Il titolo del suo docufilm incuriosisce fin da subito: "Mirabile Visione Inferno". Dante utilizza questo aggettivo per descrivere Beatrice: "Vidi venire la mirabile Beatrice", ma lei è una creatura del Paradiso: cosa c'è quindi di mirabile nell'inferno?

Il cammino di Dante nell'Inferno è come se fosse in realtà la prima parte di un unico viaggio. Quello che lega il mio film al titolo "Mirabile Visione" è essenzialmente una componente autobiografica e anche un semplice doppio senso rispetto al fatto che quella a cui assistiamo è una visone cinematografica. Il significato più importante però risiede nel fatto che questo progetto ha avuto nella mia vita lo stesso scopo che avuto la Divina Commedia per Dante: con la mirabile visione dante ha messo da parte tutto quello che stava facendo e si è dedicato per vent'anni anima e corpo alla Commedia. Io nel mio piccolo da quando ho avuto l'idea di cominciare questo viaggio ho mollato qualsiasi altro progetto avessi in testa per dedicarmi per tre anni e mezzo a quest'opera filmica.
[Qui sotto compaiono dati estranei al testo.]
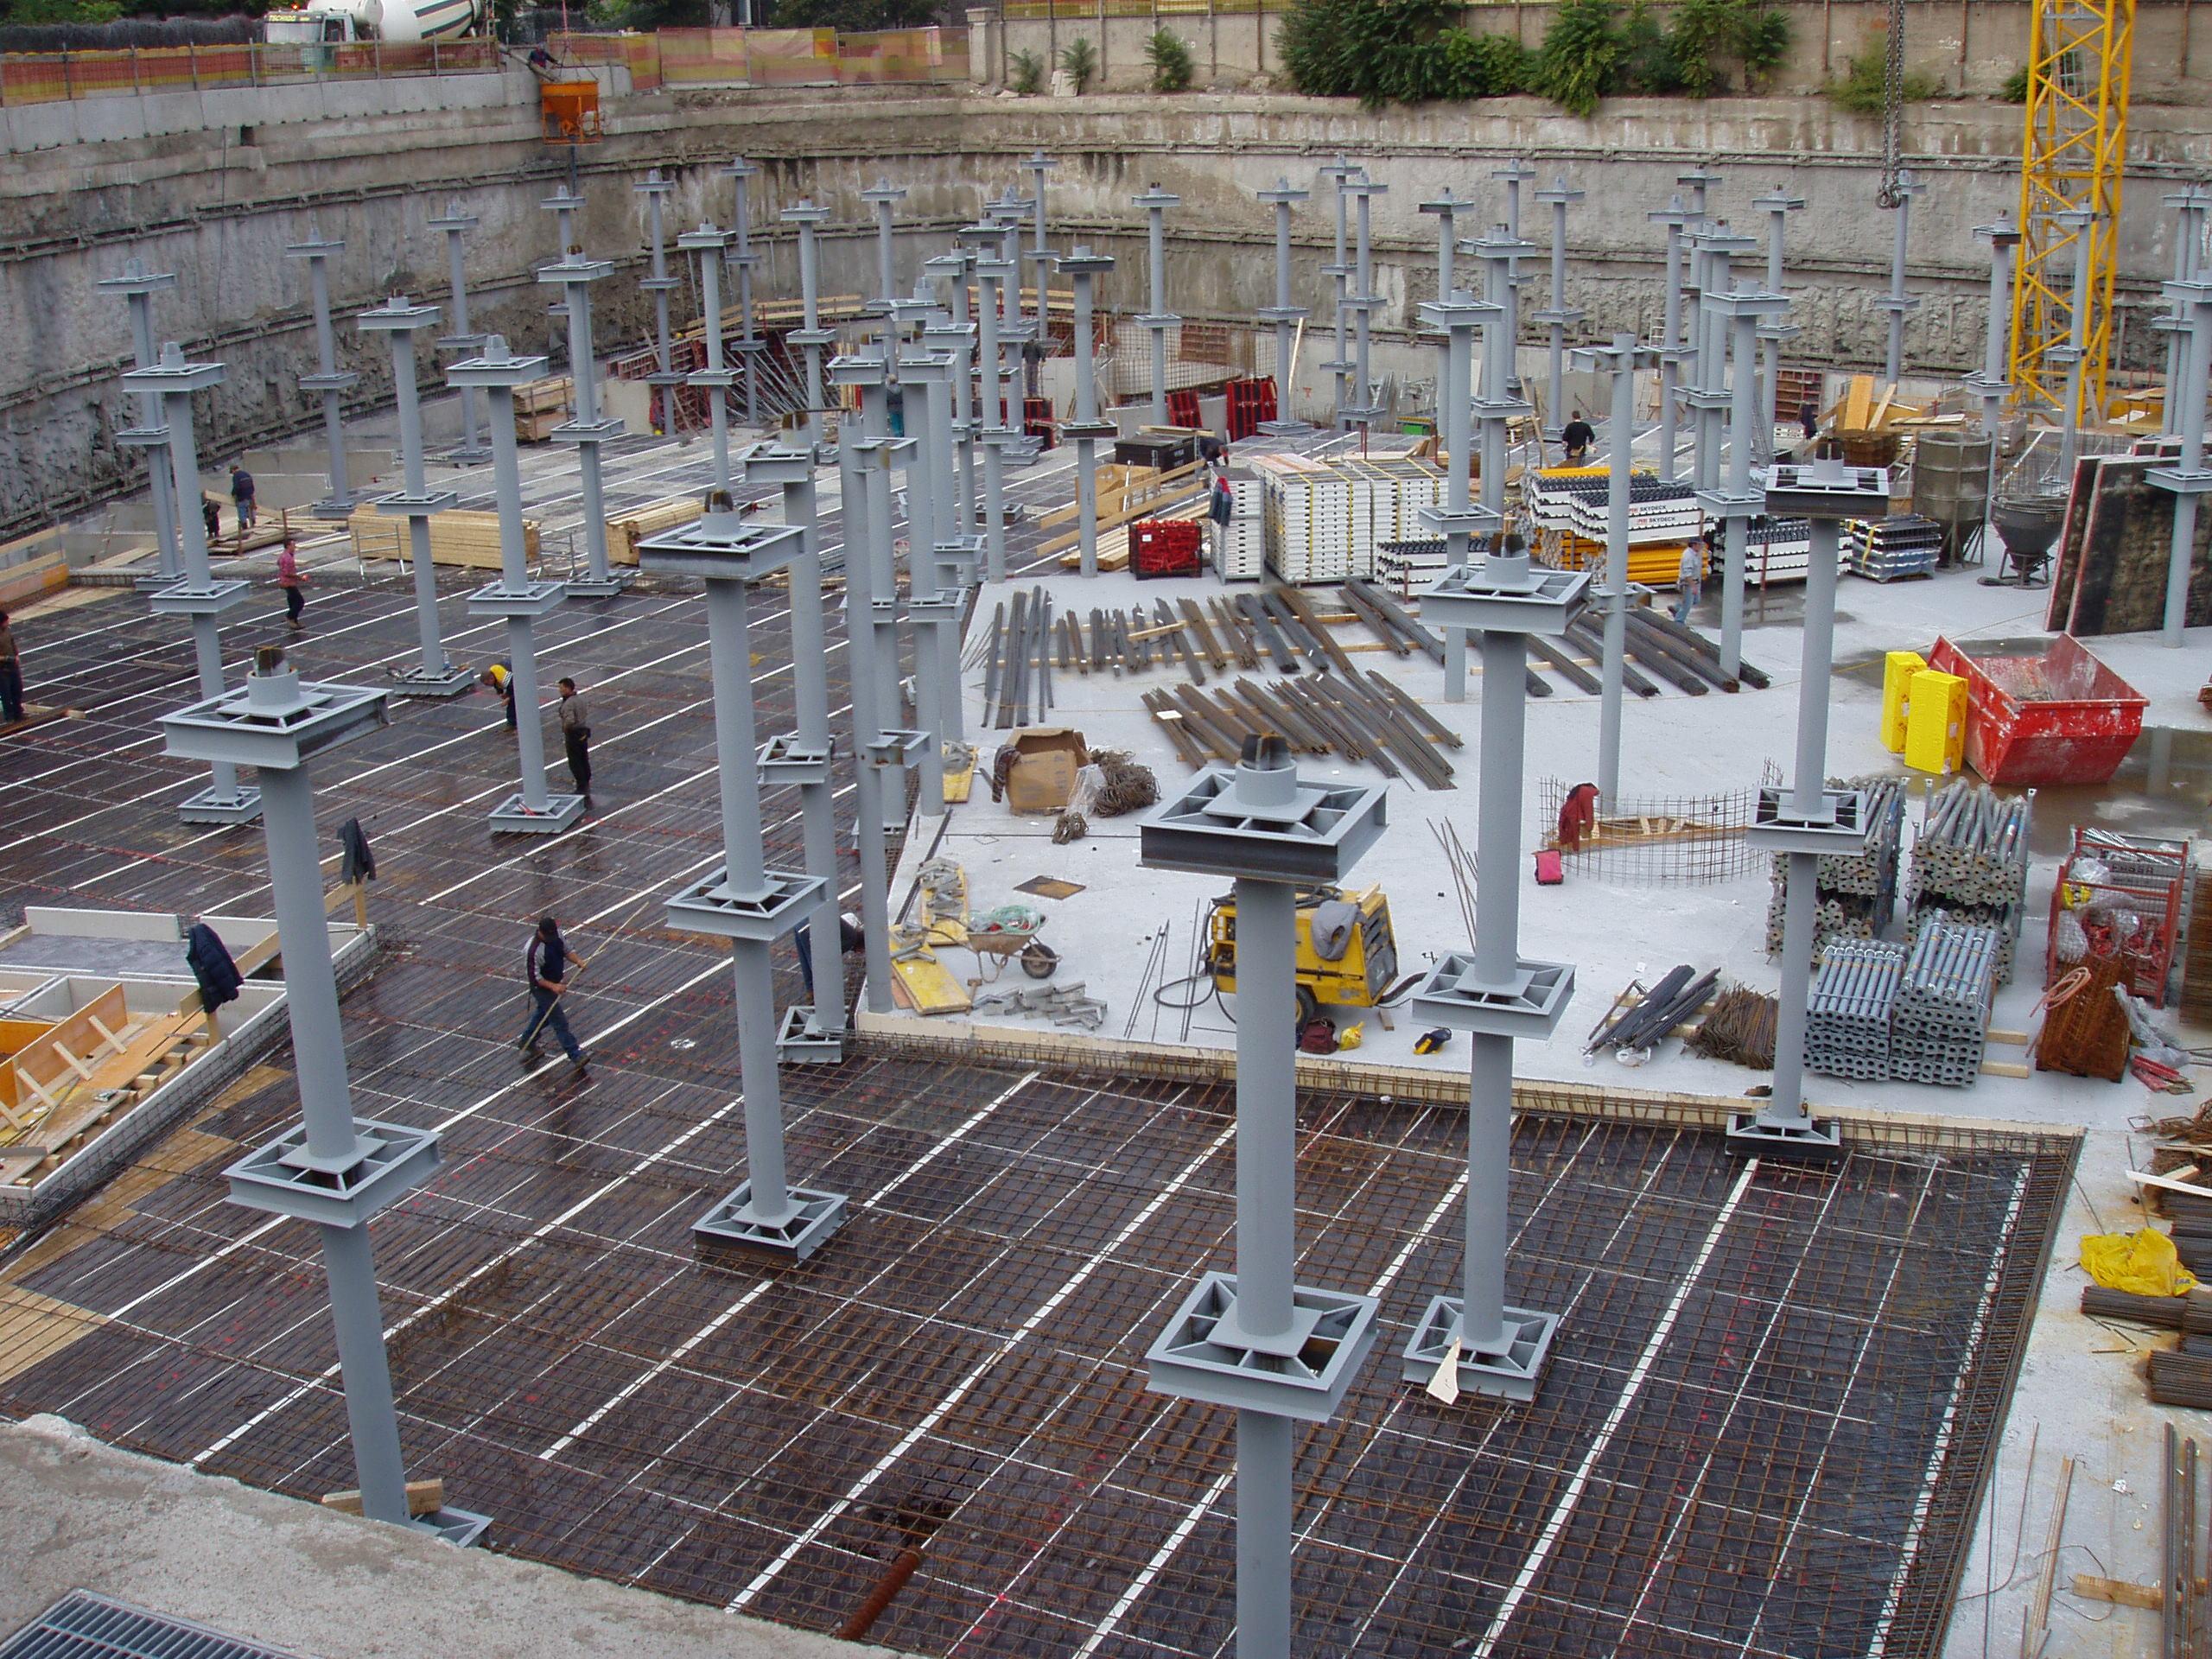 piloni in un sito in costruzione

Mirabile Visione è anche un modo per augurarci che questo viaggio sia compiuto, perché, oltre all'Inferno, ci auguriamo anche di trattare Purgatorio e Paradiso. Il titolo per altro è stato stabilito prima ancora di scrivere la sceneggiatura e non l'ho mai cambiato.

Sartre diceva "L'inferno sono gli altri" e Dante sicuramente sarebbe stato d'accordo: la società odierna, infatti, è sede perenne di quei vizi infernali che il sommo poeta ha ben descritto nel suo lungo viaggio e che vengono mostrati nel film in comparazione alla situazione mondiale dei nostri giorni. I vizi capitali del XXI secolo sono dunque quelli di ieri e saranno anche quelli di domani?

Se Dante è attuale oggi dopo Settecento anni dalla sua morte è probabile che lo sarà tra altri Settecento. Se qualcosa è sempre attuale allora assume il carattere dell'eterno e dato che l'opera di Dante riguarda l'animo umano, Dante sarà sempre eterno ed universale. Cambiano le forme del male, ma non la sostanza.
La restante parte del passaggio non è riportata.